Perel observes the irony of a young woman who belongs to a generation that seeks (or perhaps demands) acceptance of differences while requiring some people—usually those closest to them, to rigidly conform to views and style that are not theirs. Preaching the fluidity while practicing the binary.

PRAY WALK READ
Another question that Anne Lamott responded to was what she does in order to cope with life. And she said: "Pray. Walk. Read." Curiously, she did not say "Write." Which makes me wonder whether writing is a byproduct of praying, walking, and reading. Making me wonder even more: if I want writing to become my main byproduct, what ought my three Lamotty practices be? So far, it's: Paint. Read. Exercise. Eat. Cook. Clean. Organize. Pray. Cry. Ponder. Sing. I know. It's too long, so. I need to whittle it down.

Toward the end of her talk, Lamott praised Barbara Kingsolver's latest book, Demon Copperhead (inspired by Charles Dickens). It is a book that gets me not to hate but to love a white male born in Appalachia to a drug-addicted mama, and his brutal destiny that has largely been characterized by the world as "trash," "hillbilly," "hick," "Deplorable." That Lamott praised this book made me squeal in delight as it is the one that my book club selected as our most recent read. It reminds me of a passage in the new book Filterworld, where its author Kyle Chayka describes how as an adolescent, he loved a particular Manga series. Years later, he learned that that series was influenced by a Haruki Murakami book, an author who he has come to enjoy as an adult. 

Hope.

Hope?

Yes, hope.
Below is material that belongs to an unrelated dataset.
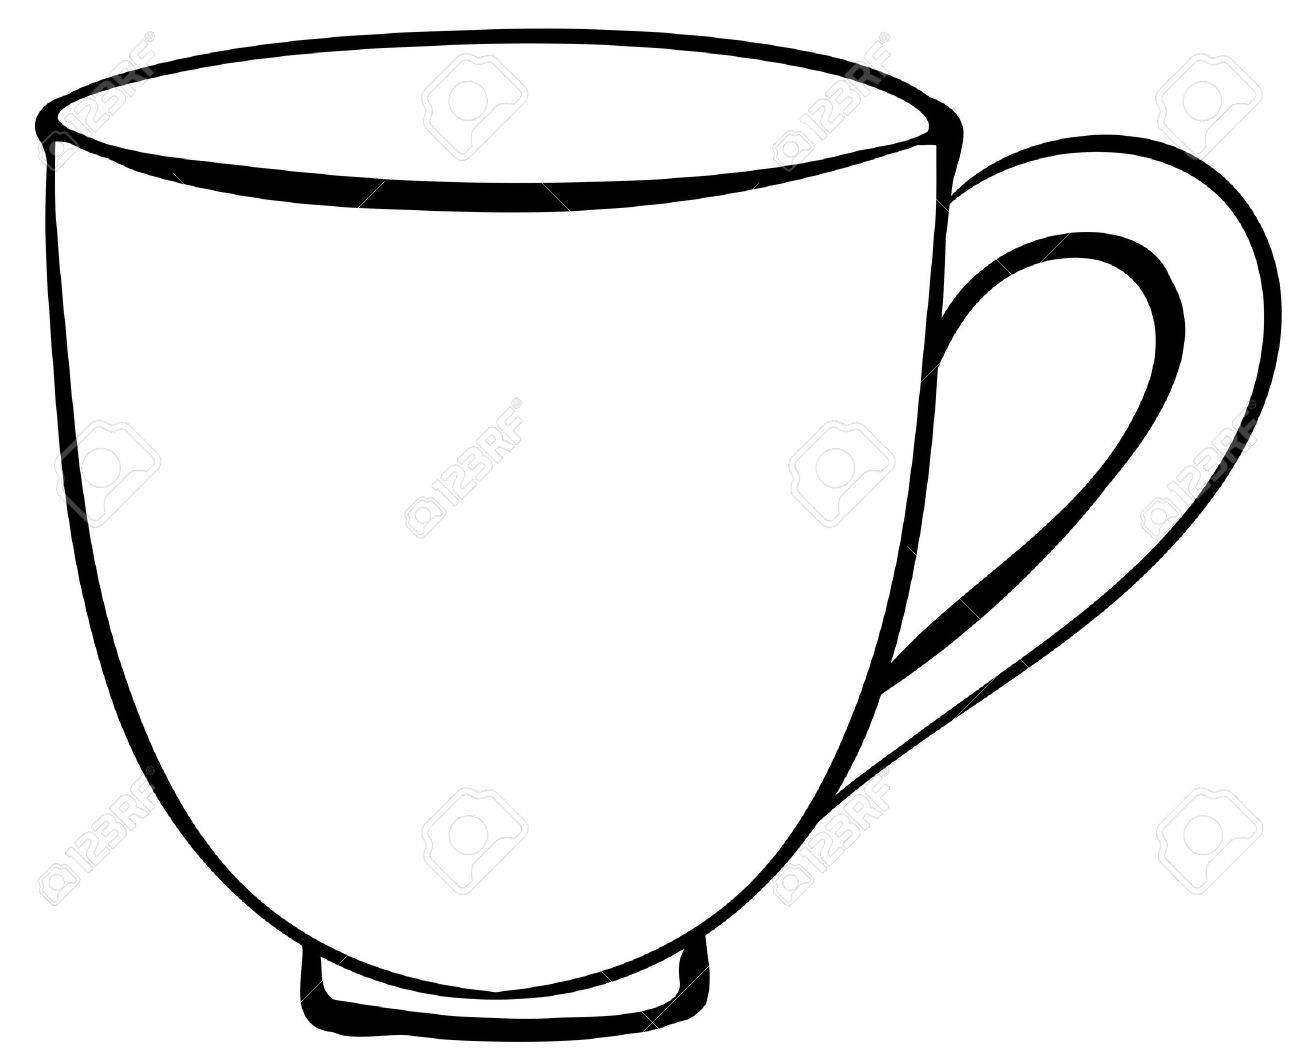 Cup Clipart outline

Because when I pursue what I really want (even if there is a mess of books and clothes and music and paint flying everywhere during the pursuit), what I ultimately find isn't chaos. It's beautiful, surprising, paradoxical, ironic, mind-blowing order. There is thread. There is connection. There is fluidity. Lamott. Perel. Kingsolver. Copperfield. Dickens. Chayka. Murakami. Well-read. Unread. Degreed. Self-taught. Democrat. Republican.

Eleven days from now, I'll be way past the one-month mark of confronting my aloneness. I bet I will feel exactly one-month-strong and one-month-wobbly as I continue to Read. Cry. Ponder. Clean.

And everything in between.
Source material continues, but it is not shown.